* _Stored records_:
Start of Block
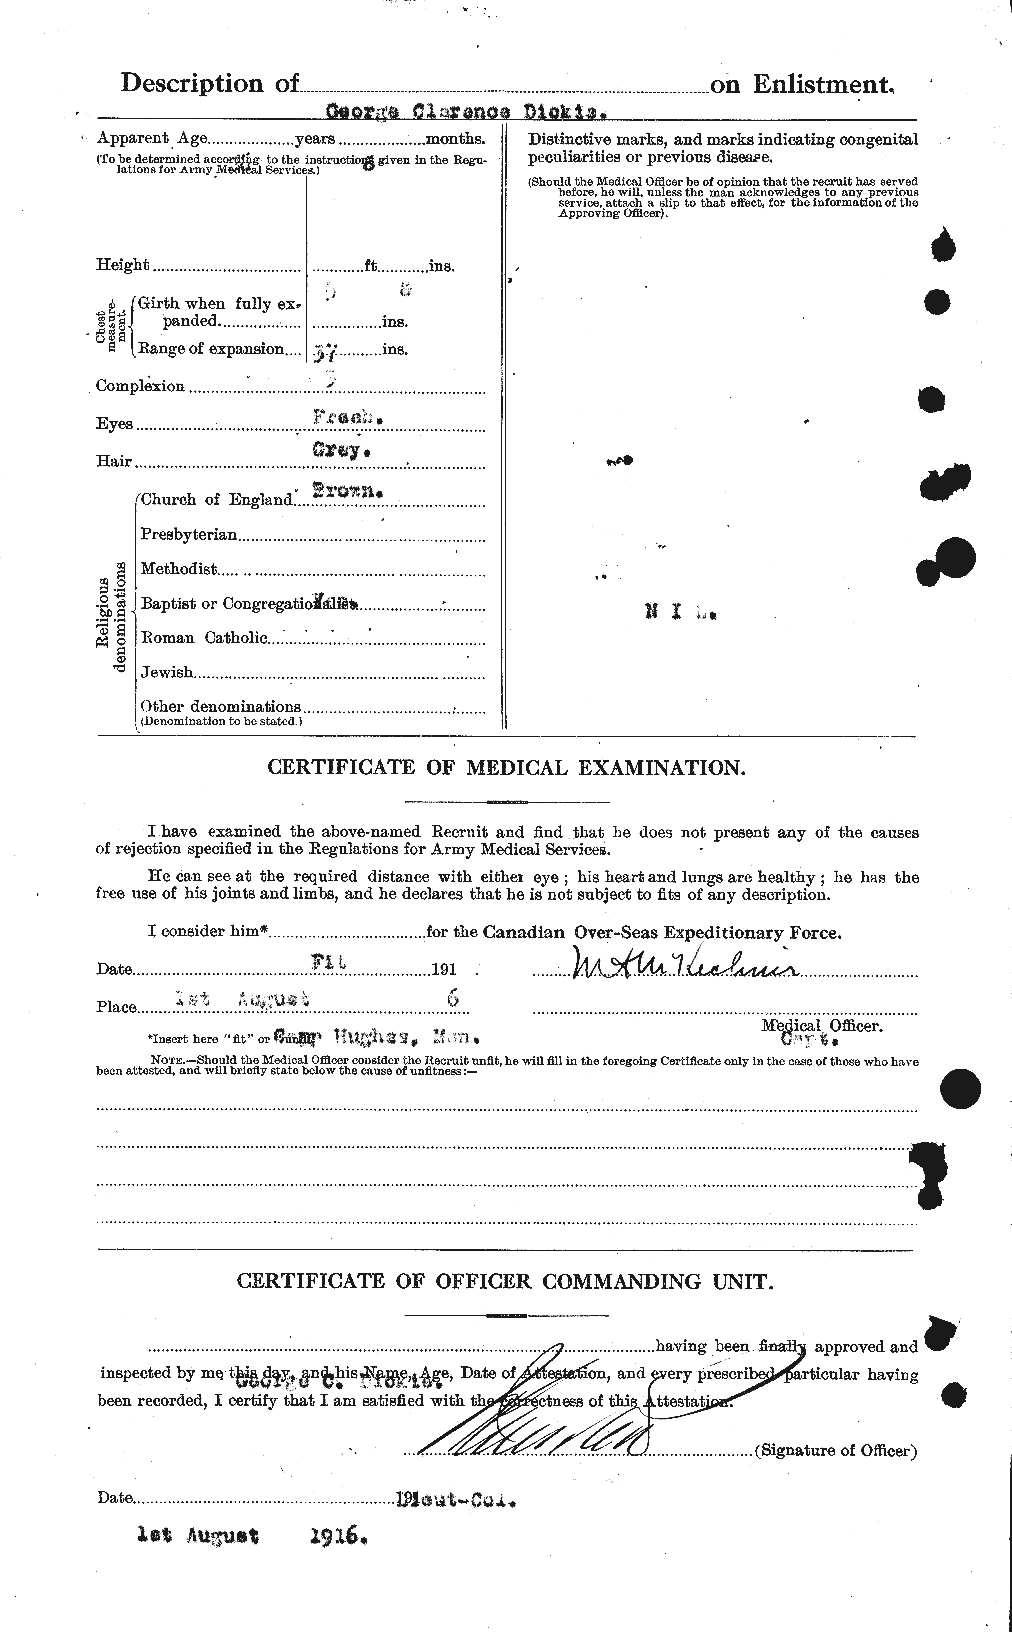 Dossiers du Personnel de la Première Guerre mondiale - CEC 290757b
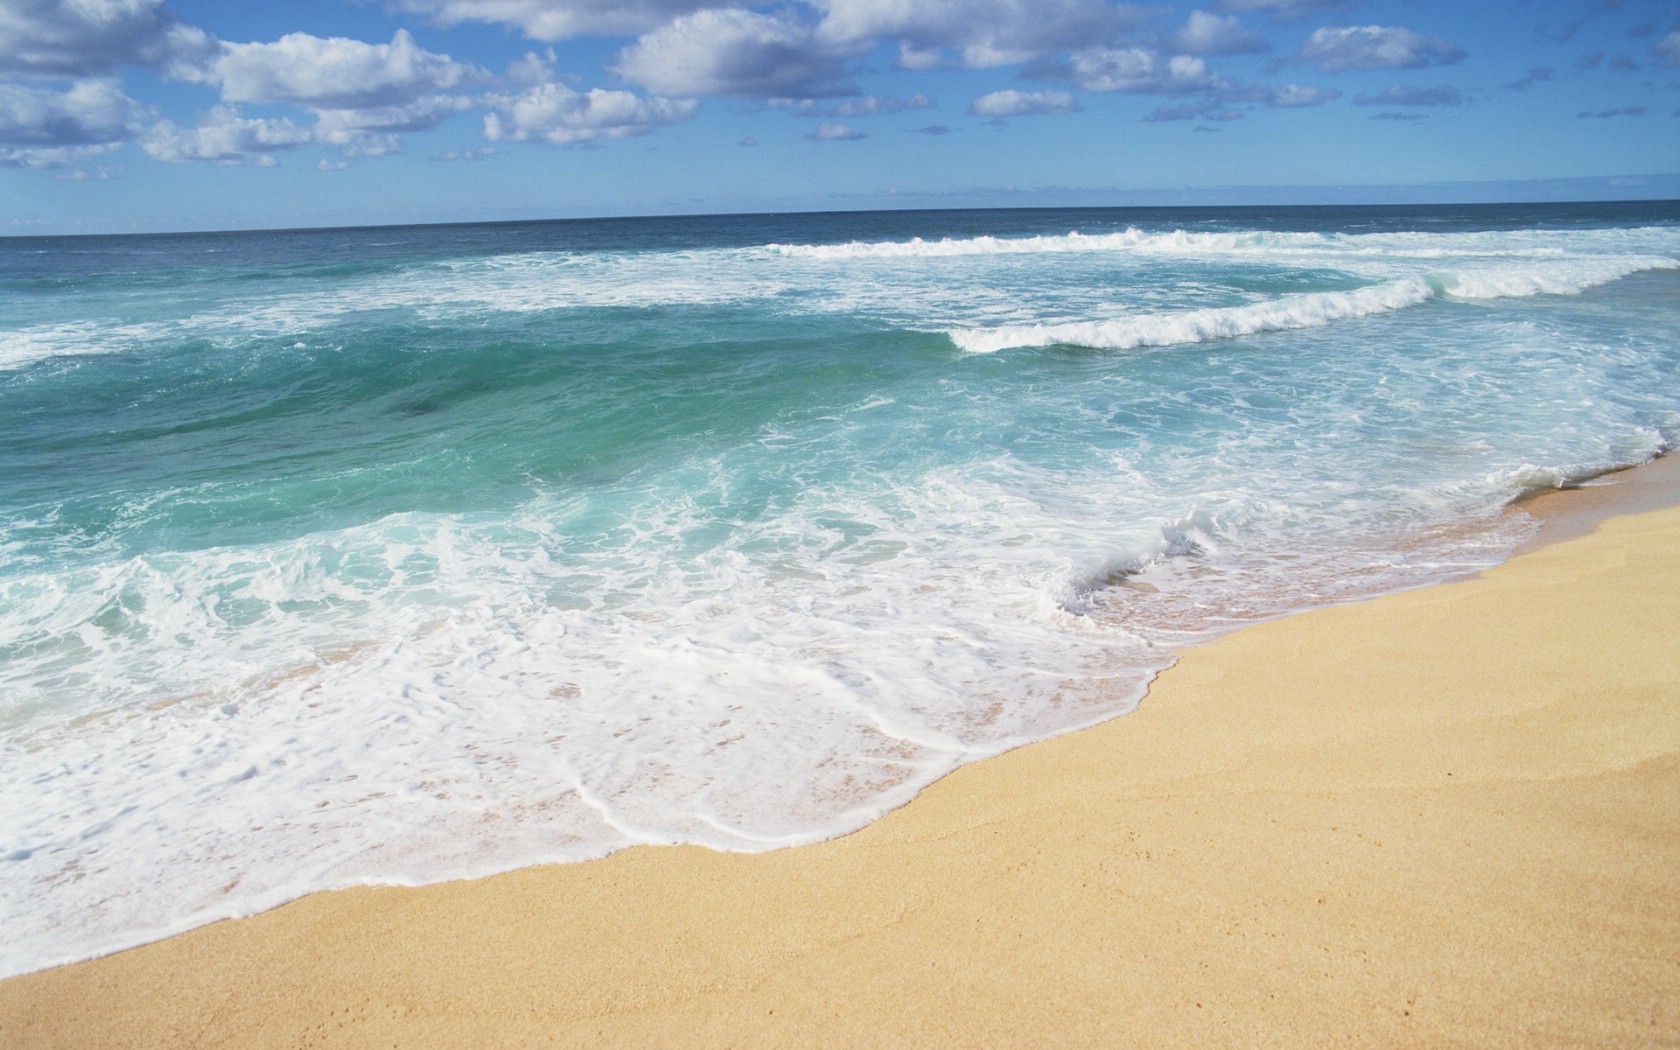 夏威夷海边风景图片高清桌面壁纸_桌面壁纸_mm4000图片大全
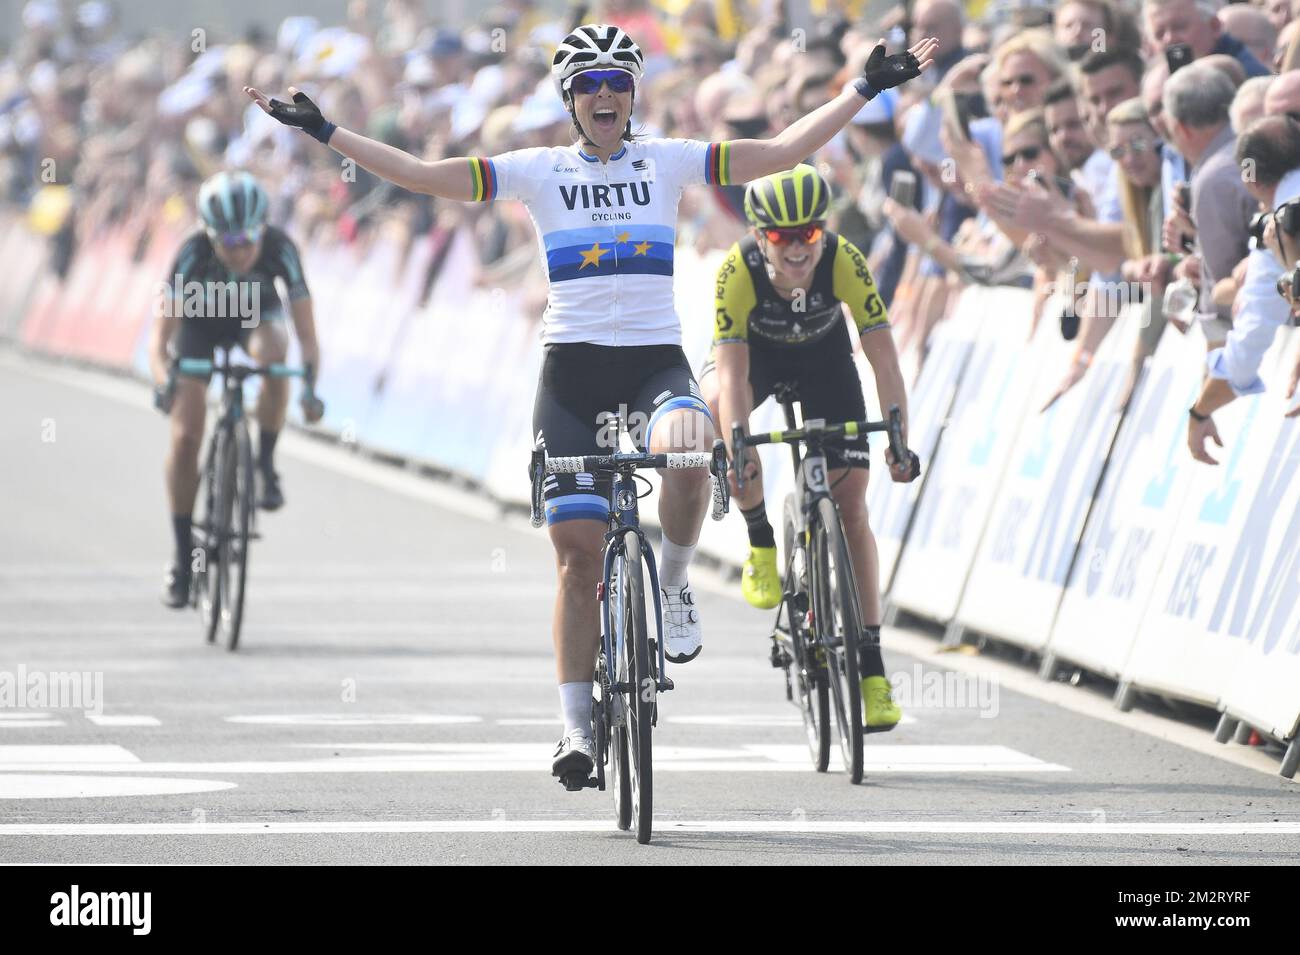 Italian Marta Bastianelli of Team Virtu celebrates as she crosses the ...
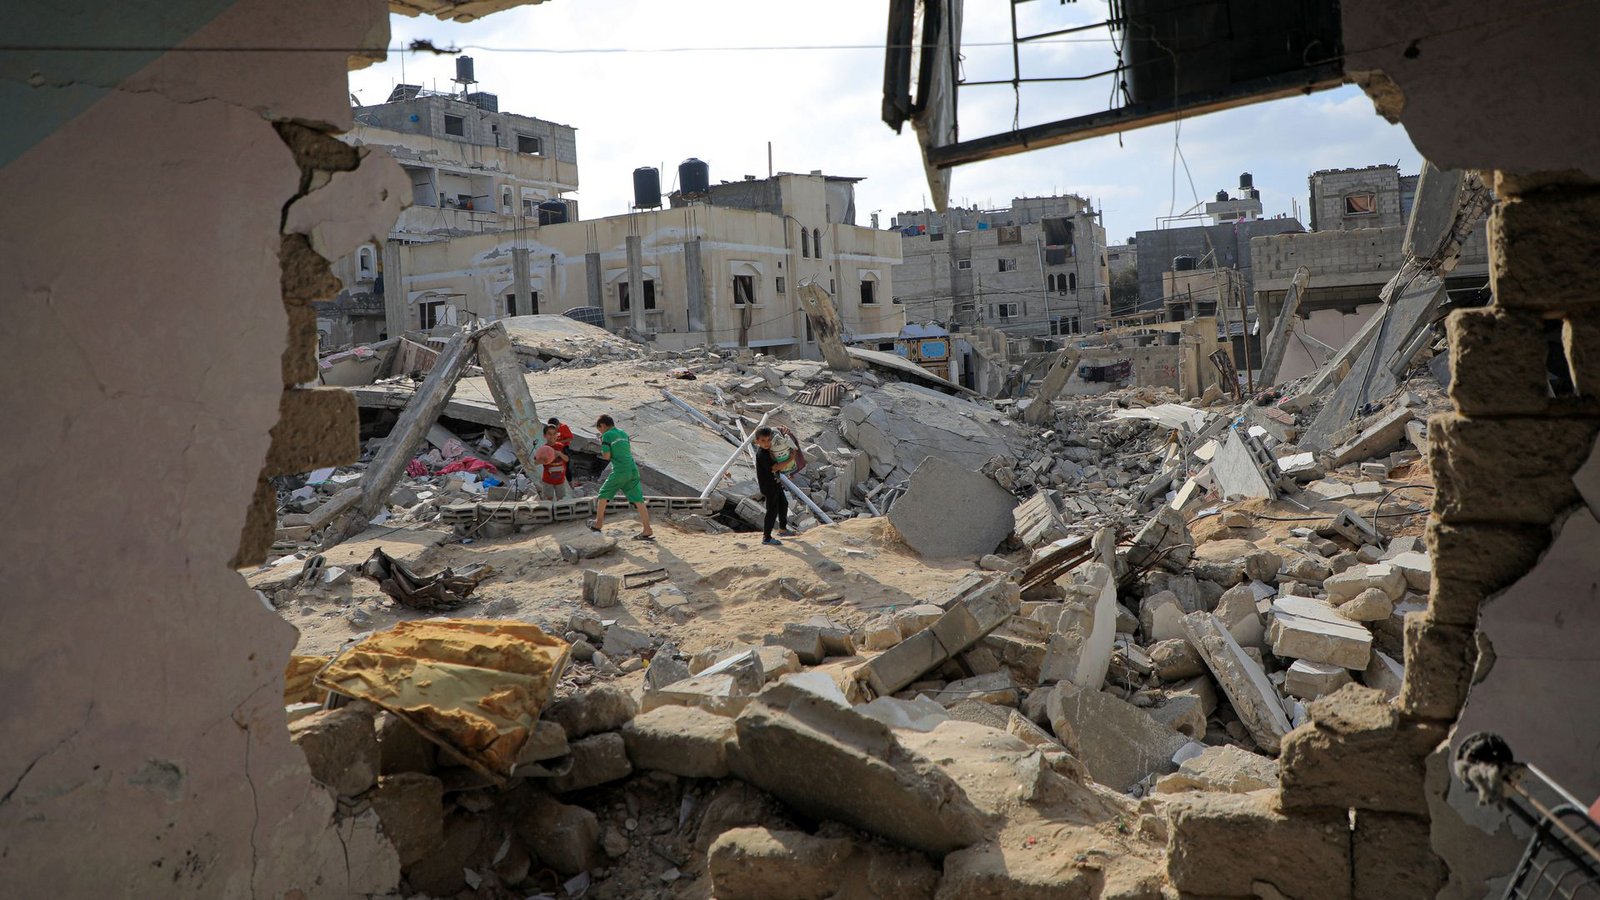 Während Kinder zwischen den Trümmern zerstörter Häuser spielen, halten die indirekten Verhandlungen über einen Geisel-Deal im Gaza-Krieg weiter an.Foto: Rizek Abdeljawad/XinHua/dpa
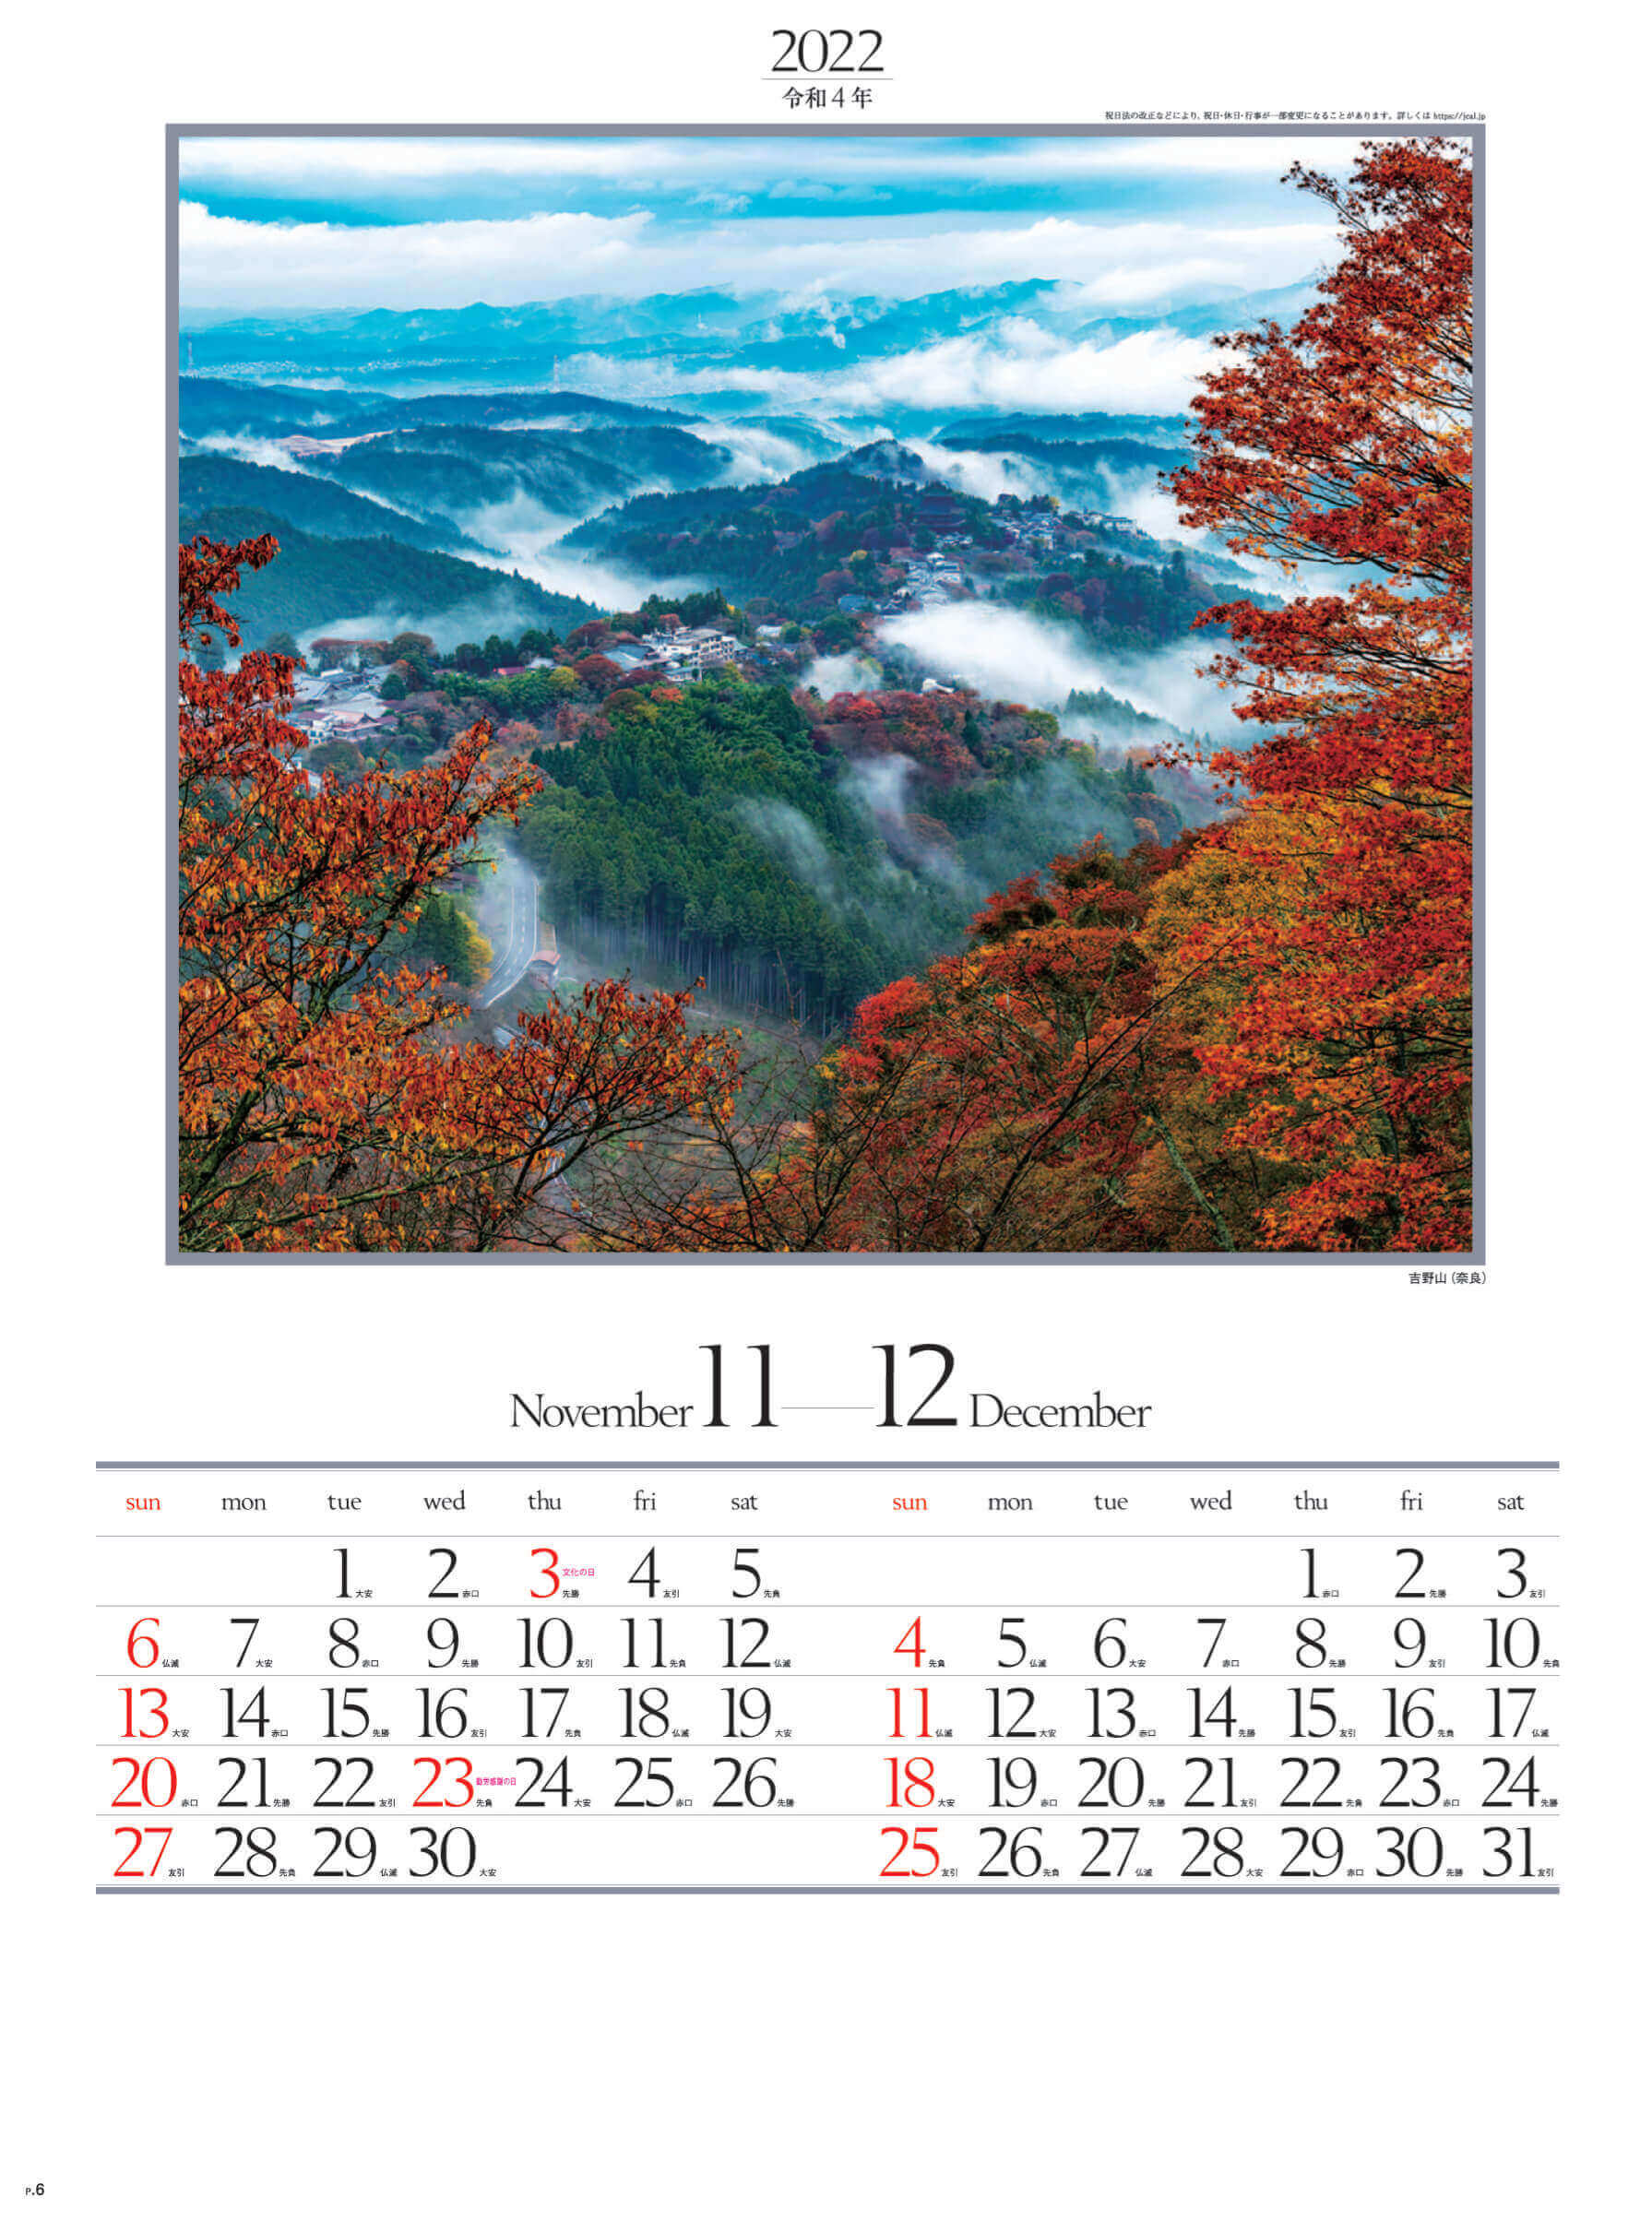 11-12月 吉野山(奈良) 四季六彩 2022年カレンダーの画像
End of Block
* _About this task_: Please retype all the entries word for word, omitting the pictures.

* _Response area_:
 Dossiers du Personnel de la Première Guerre mondiale - CEC 290757b
 夏威夷海边风景图片高清桌面壁纸_桌面壁纸_mm4000图片大全
 Italian Marta Bastianelli of Team Virtu celebrates as she crosses the ...
 Während Kinder zwischen den Trümmern zerstörter Häuser spielen, halten die indirekten Verhandlungen über einen Geisel-Deal im Gaza-Krieg weiter an.Foto: Rizek Abdeljawad/XinHua/dpa
 11-12月 吉野山(奈良) 四季六彩 2022年カレンダーの画像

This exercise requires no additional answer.